North Korea says Australia’s submarine deal could trigger ‘nuclear arms race
North Korea on Monday condemned a new
defense pact by the United States, Australia and Britain, and a plan to share
nuclear submarine technology with Australia, saying the deal could trigger a
nuclear arms race and upset the balance in the Asia-Pacific region.
The Biden administration announced the
three-nation pact, called AUKUS, on Wednesday. The surprise decision to share
sensitive nuclear submarine technology with Australia has already prompted a
swift backlash from China — the apparent target of the pact — and set off a
diplomatic spat with France by scuttling an earlier deal in which Australia
would have purchased 12 French diesel-powered submarines.

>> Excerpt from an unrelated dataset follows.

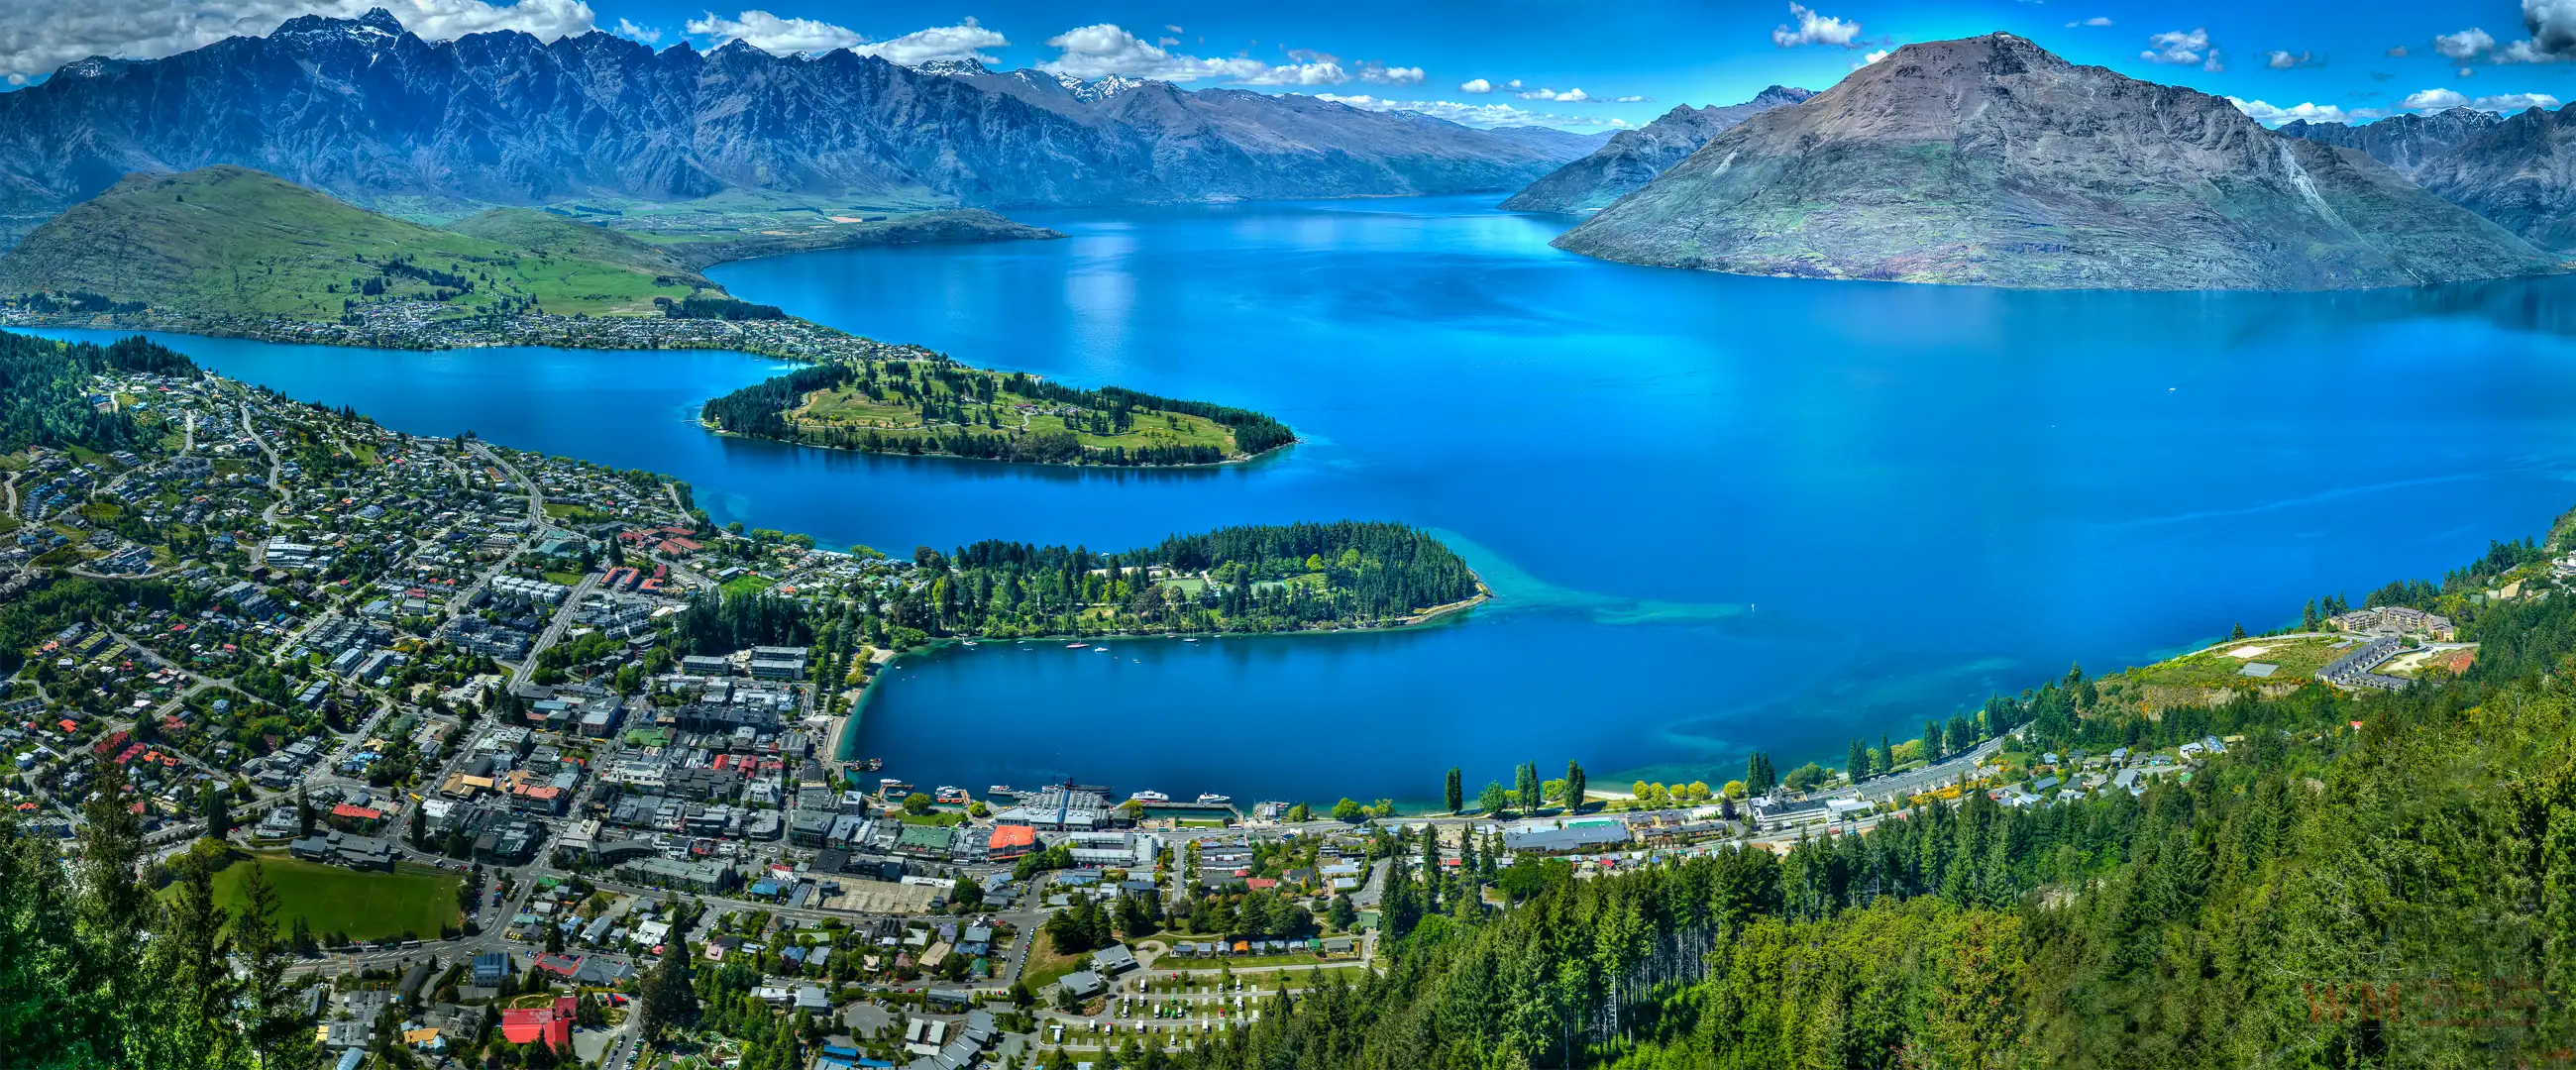 Neuseeland tourism

These are extremely undesirable and
dangerous acts which will upset the strategic balance in the Asia-Pacific
region and trigger off a chain of nuclear arms race,” North Korean state news
media Korean Central News Agency quoted a Foreign Ministry official as saying.
“It is quite natural that neighboring
countries including China condemned these actions as irresponsible ones of
destroying the peace and stability of the region and the international nuclear
nonproliferation system and of catalyzing the arms race,” the official added.

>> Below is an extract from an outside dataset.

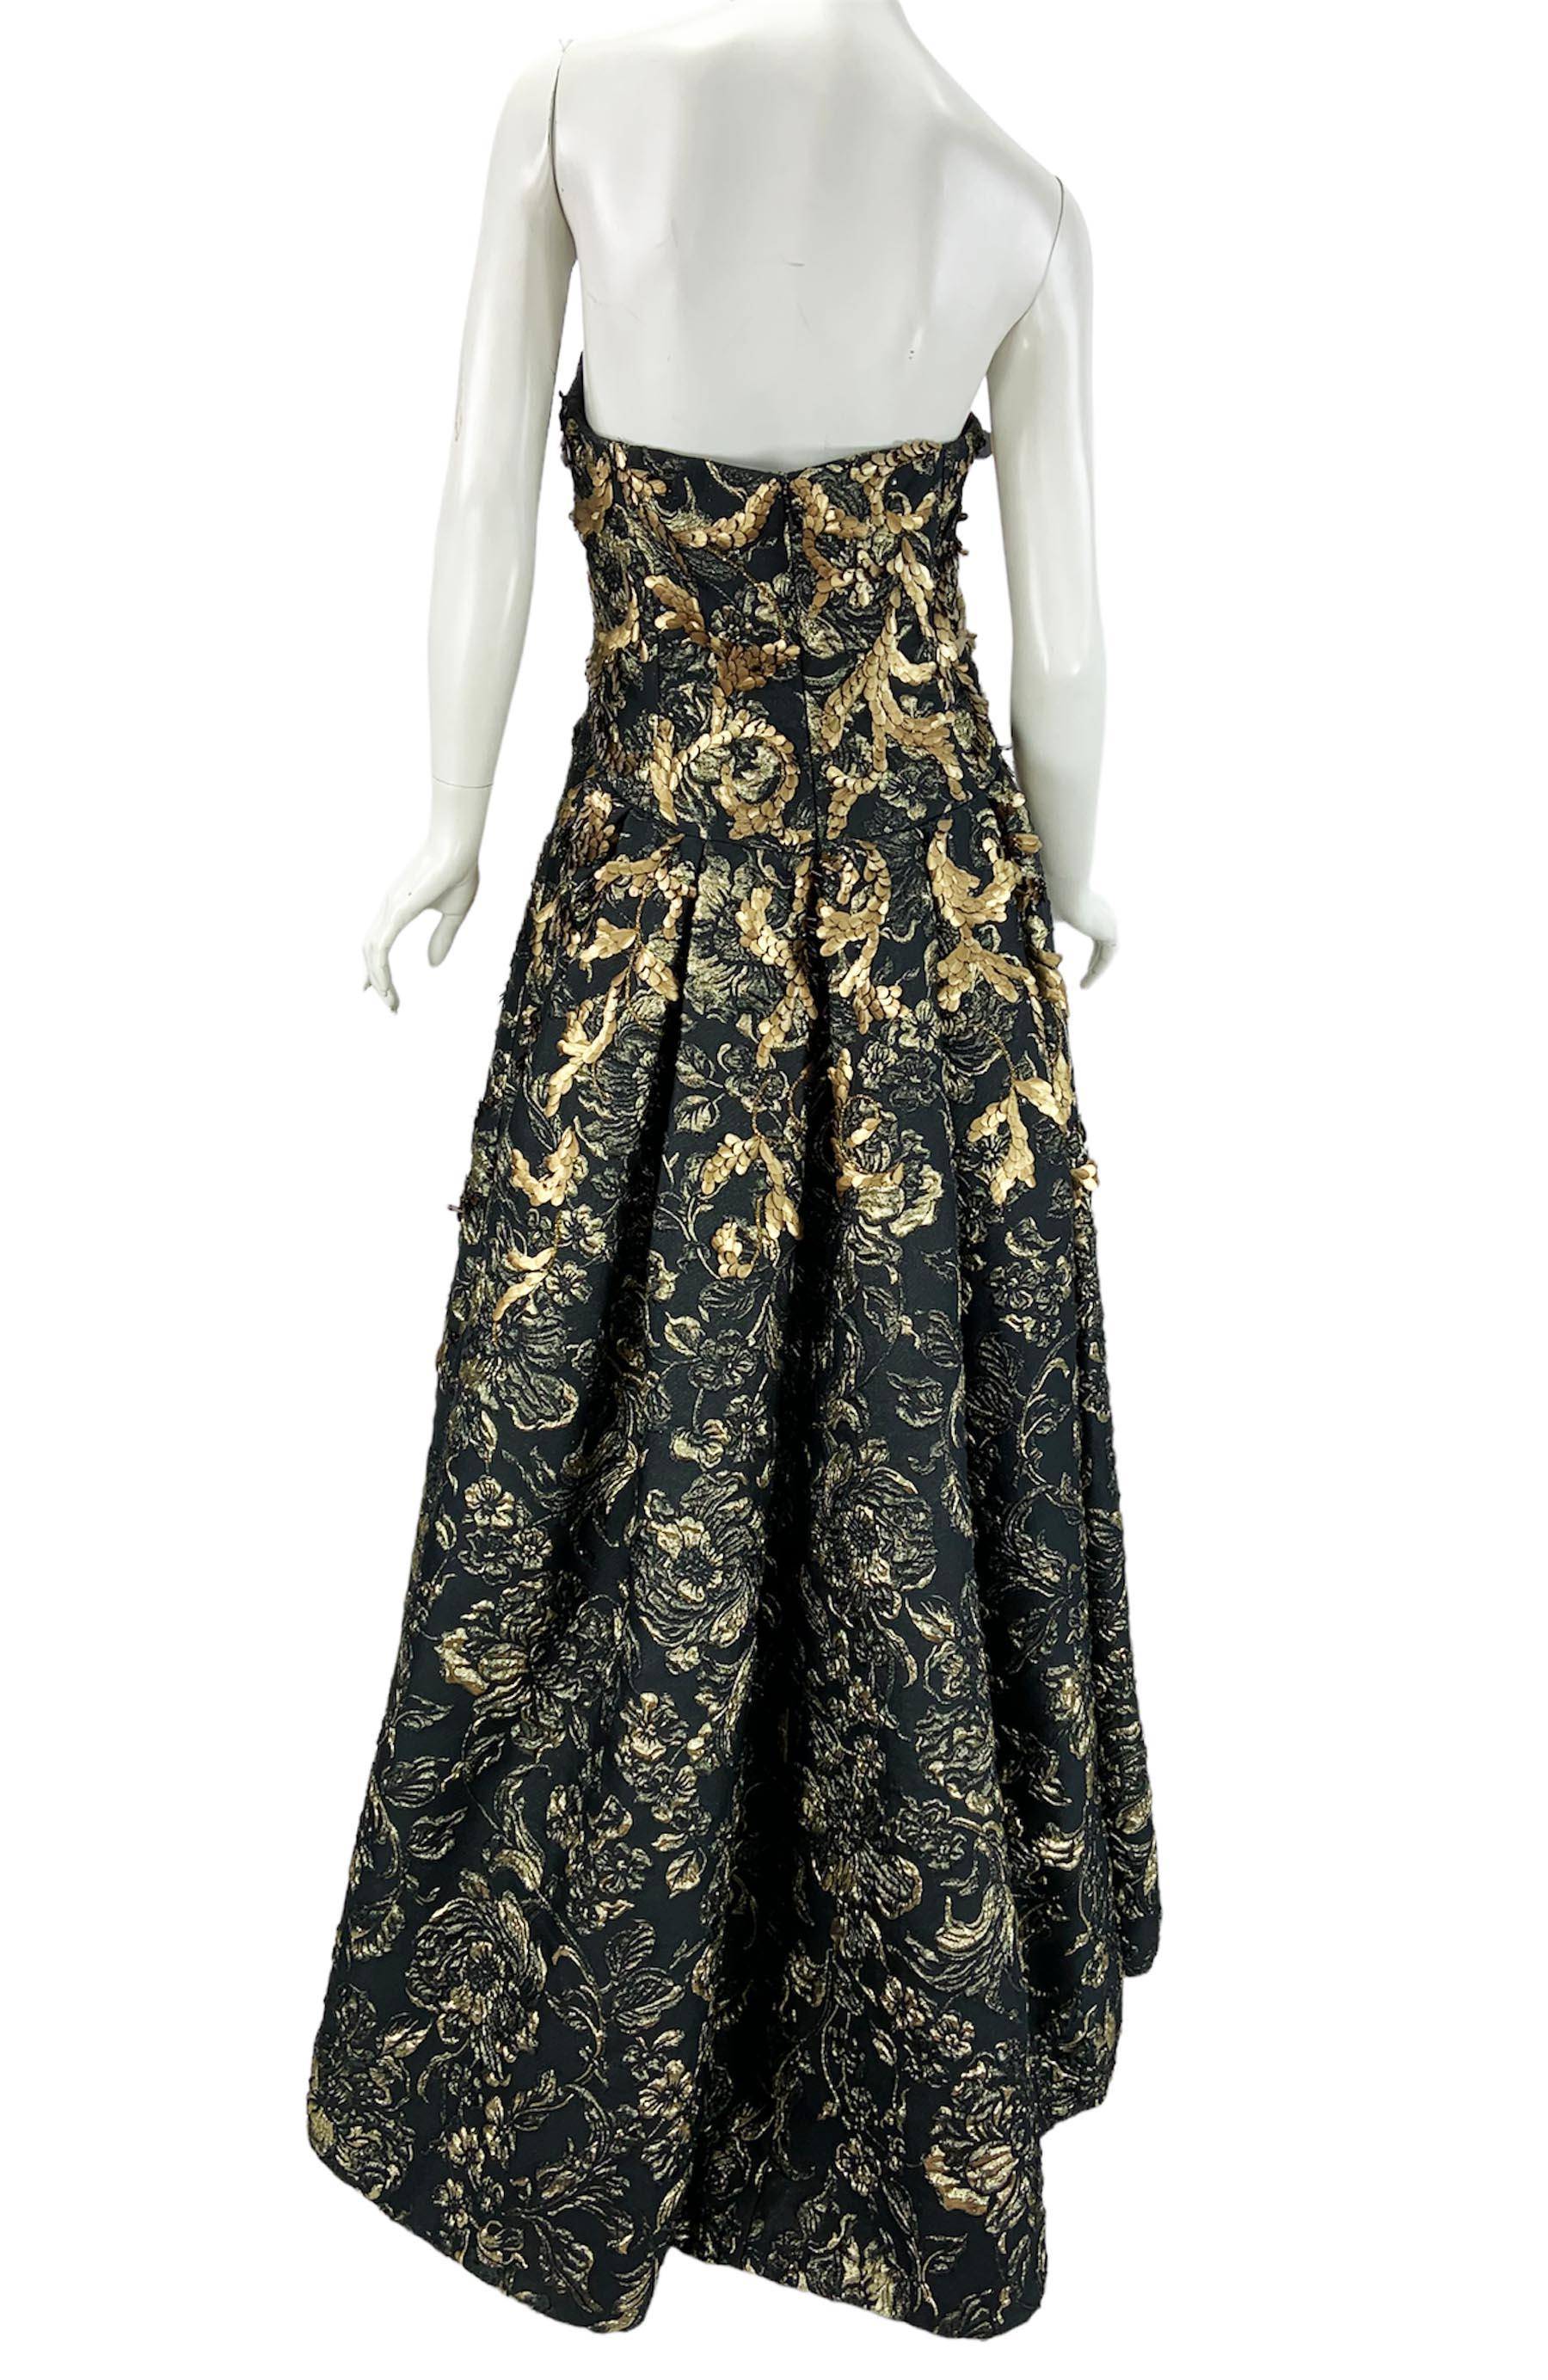 Oscar de la Renta FW 2014 Runway Museum Red Carpet Black Gold Gown Dress L / XL For Sale 3

The North Korean condemnation comes just
days after Pyongyang test-fired a pair of ballistic missiles and a new
long-range cruise missile, stoking tensions in the first public testing
activity in months amid a prolonged deadlock in nuclear talks with Washington.
North Korea has so far not responded to outreach efforts by the Biden
administration.
State media reported that North Korea
developed the cruise missiles over two years, fulfilling key defense goals set
by North Korean leader Kim Jong Un — a claim that hinted at the possible
nuclear capability of the missiles. KCNA described the missiles as a “strategic
weapon of great significance.”
South and North Korea have both been
developing increasingly sophisticated weapons amid stalled efforts to ease
tension on the peninsula. South Korea tested a submarine-launched ballistic
missile on Wednesday. In a commentary published Monday by state media, the chief
of a North Korean military think tank, Jang Chang Ha, derided the South’s
effort as “clumsy.”
In a statement on its defense plans last
week, South Korea said that “the military will work to ensure security and
peace on the Korean Peninsula by achieving powerful deterrence capabilities
through the development of missiles that are stronger, and can go further and
with more precision.”
Responding to news of the trilateral
security pact on Monday, the unnamed North Korean ministry official described
the United States as “the chief culprit toppling the international nuclear
nonproliferation system,” adding that its “double-dealing attitude” was
threatening “world peace and stability.”
The official said that North Korea will
“certainly take a corresponding counteraction in case it has even a little
adverse impact on the security of our country.”
Australia said last week it has “no plans
to acquire nuclear weapons” and that the submarine proposal will “remain
consistent with Australia’s long-standing commitment to nuclear
non-proliferation” — a global stance Prime Minister Scott Morrison said all
three nations are committed to upholding.